Dans la dernière édition de son Observatoire des sanctions, le Centre de recherche économique et politique (Cepr), think tank basé à Washington, revient sur la situation économique compliquée que traverse Cuba, pays soumis à « l’un des plus anciens et des plus stricts de tous les régimes de sanctions imposés par les États-Unis » (1).
En vigueur depuis 1962 et après un bref assouplissement sous le mandat de Barack Obama (2009-2017), les sanctions imposées par la Maison-Blanche ont été durcies et élargies sous la présidence de Donald Trump (2017-2021), « une politique que l’administration Biden a pour l’essentiel maintenue », rappellent les auteurs du rapport, daté du 4 janvier.
Le mois dernier, le ministre cubain de l’Économie soulignait que l’inflation atteignait les 30 % et que les prix des denrées alimentaires avaient augmenté de 78 % en 2023 ; le PIB du pays pourrait s’être contracté de 1 à 2 %, ce qui placerait l’économie de l’île 10 % en dessous de son niveau de 2019. Une « situation désastreuse » qui aurait « contraint le gouvernement à imposer de nouvelles hausses des tarifs de l’électricité et des transports, augmentant encore le coût de la vie », note le Cepr.
L’impact économique et humanitaire est dévastateur
Au cours des deux dernières années, la crise économique a conduit un nombre record de Cubains à tenter d’émigrer aux États-Unis – plus de 400 000 personnes, soit environ 4 % de la population de l’île – avec de très graves conséquences, notamment dans les secteurs de la santé et de l’éducation. « Les sanctions,“à pression maximale“, sont à l’origine d’une fuite des cerveaux sans précédent », rapporte l’Observatoire, citant une enquête du Guardian qui souligne les effets de la guerre économique menée par Washington, au-delà des « pénuries massives et de l’inflation galopante ».

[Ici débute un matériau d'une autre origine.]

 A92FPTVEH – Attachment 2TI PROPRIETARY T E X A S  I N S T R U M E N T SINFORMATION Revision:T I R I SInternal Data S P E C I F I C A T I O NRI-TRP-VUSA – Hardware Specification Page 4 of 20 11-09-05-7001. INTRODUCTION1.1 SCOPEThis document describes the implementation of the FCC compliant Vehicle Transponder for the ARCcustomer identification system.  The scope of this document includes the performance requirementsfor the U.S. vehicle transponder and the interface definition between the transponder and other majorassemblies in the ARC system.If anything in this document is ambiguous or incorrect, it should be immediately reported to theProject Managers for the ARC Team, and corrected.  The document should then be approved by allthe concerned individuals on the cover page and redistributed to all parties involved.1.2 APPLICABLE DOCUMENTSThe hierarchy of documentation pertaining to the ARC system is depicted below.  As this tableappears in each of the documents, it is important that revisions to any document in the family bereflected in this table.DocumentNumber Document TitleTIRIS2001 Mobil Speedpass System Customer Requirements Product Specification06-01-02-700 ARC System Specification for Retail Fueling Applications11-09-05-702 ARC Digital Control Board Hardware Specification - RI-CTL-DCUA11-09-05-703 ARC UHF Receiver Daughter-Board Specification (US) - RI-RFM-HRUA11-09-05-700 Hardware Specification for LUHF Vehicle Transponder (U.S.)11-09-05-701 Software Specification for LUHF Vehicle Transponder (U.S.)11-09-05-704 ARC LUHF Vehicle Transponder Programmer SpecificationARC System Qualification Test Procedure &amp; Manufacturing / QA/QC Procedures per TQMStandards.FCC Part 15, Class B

Malgré un gouvernement investissant davantage en éducation et en santé que n’importe quel autre pays d’Amérique latine, les Cubains « qui ont bénéficié pendant des décennies de résultats comparables à ceux des pays développés », indique le quotidien britannique, pâtissent aujourd’hui d’un nombre de personnels de santé en chute libre, tandis que plus de 17 000 enseignants feraient défaut. « Les conditions dans lesquelles le gouvernement évolue sont ingérables », selon Emily Morris, économiste du développement à l’University College London. « Étant donné que les sanctions (instaurées sous l’ère Trump) ont pour effet de l’empêcher d’accéder au financement international, celui-ci est pieds et poings liés car il ne possède pas de réserve de devises. »
Citant « les impacts économiques et humanitaires dévastateurs de l’embargo sur Cuba », le Cepr a rappelé que cinq députés démocrates américains ont déposé, le mois dernier, un projet de loi exhortant leur gouvernement à abandonner la politique d’ingérence de leur pays vis-à-vis de l’Amérique latine. L’occasion d’instaurer à la place une « politique de bon voisinage » mettant fin « à toutes les sanctions unilatérales ».